As the report demonstrates, the world as a whole spends almost US$3 trillion on arms and weapons each year. This astounding figure puts into context the global problem of untaxed taxing that is continuing to outpace fairness. It compounds the severe financial hardship that so many employed people experience. Inputs Fortune is wealth concentrating fast. In five short years, the net worth of the three richest billionaires has more than doubled—at the same time that millions around the world have fallen into poverty.

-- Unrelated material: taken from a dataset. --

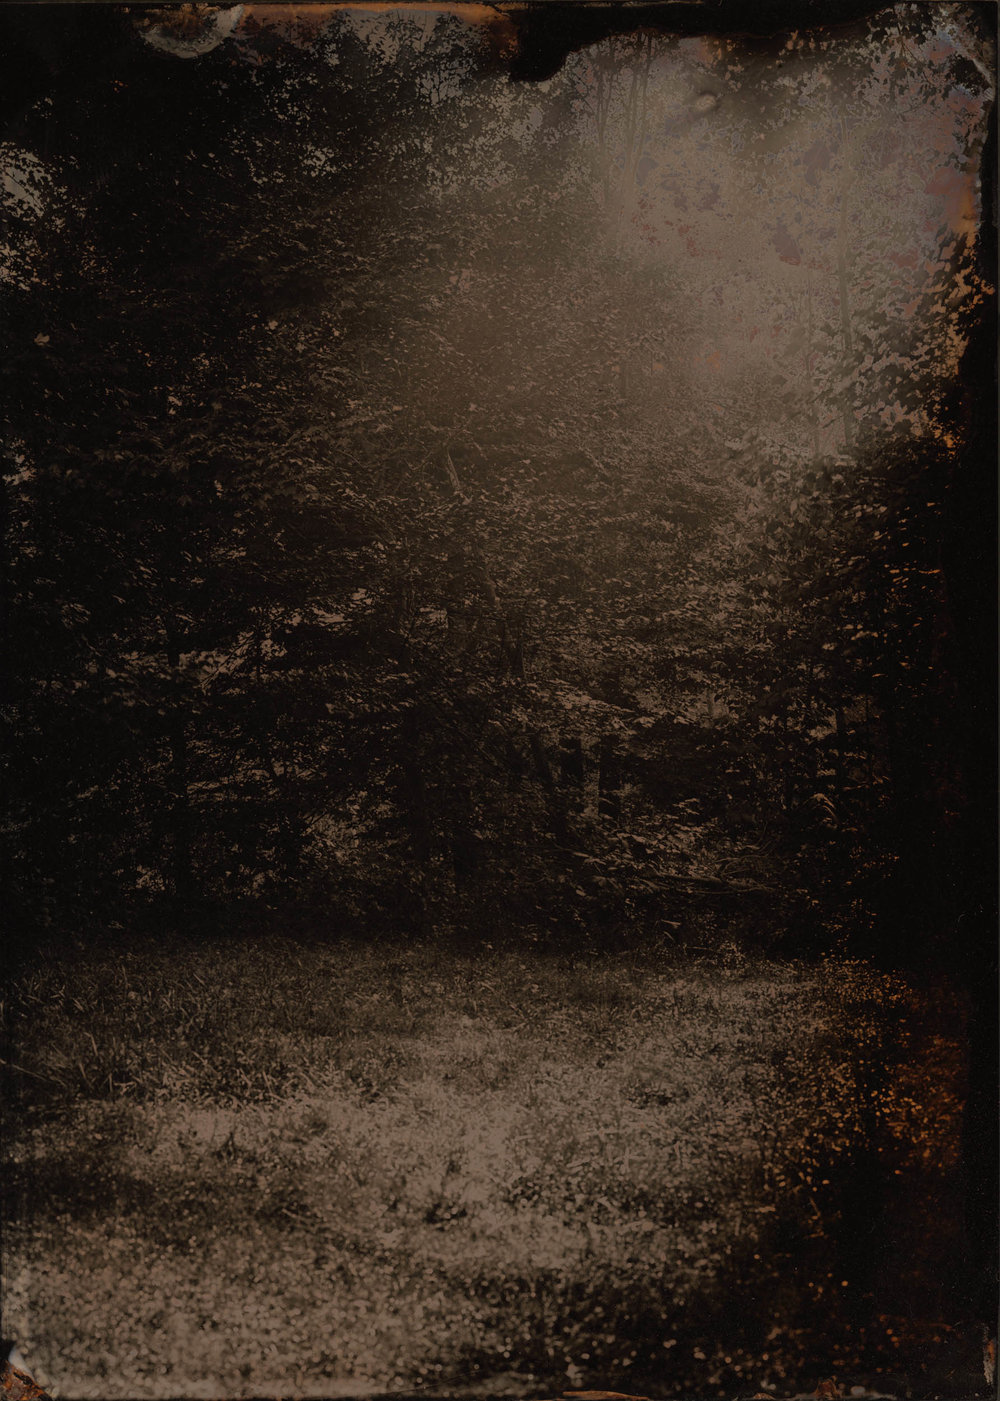 Materia Oscura, ambrotype original, archival pigment print, 40 in.x 50 in., 2019

Among the countries identified as having the worst conditions for workers are Bangladesh, Belarus, Ecuador, Egypt, Eswatini, Myanmar, Nigeria, the Philippines, Tunisia, and Turkey. Based on the research, the report found that in over half (three out of five) of all global regions, the situation for workers’ rights is getting worse. The Americas and Europe have both reached their lowest levels on the index since it began in 2014.

Luc Triangle, ITUC secretary general, underscored how the link between deepening economic crisis and rise of political extremism.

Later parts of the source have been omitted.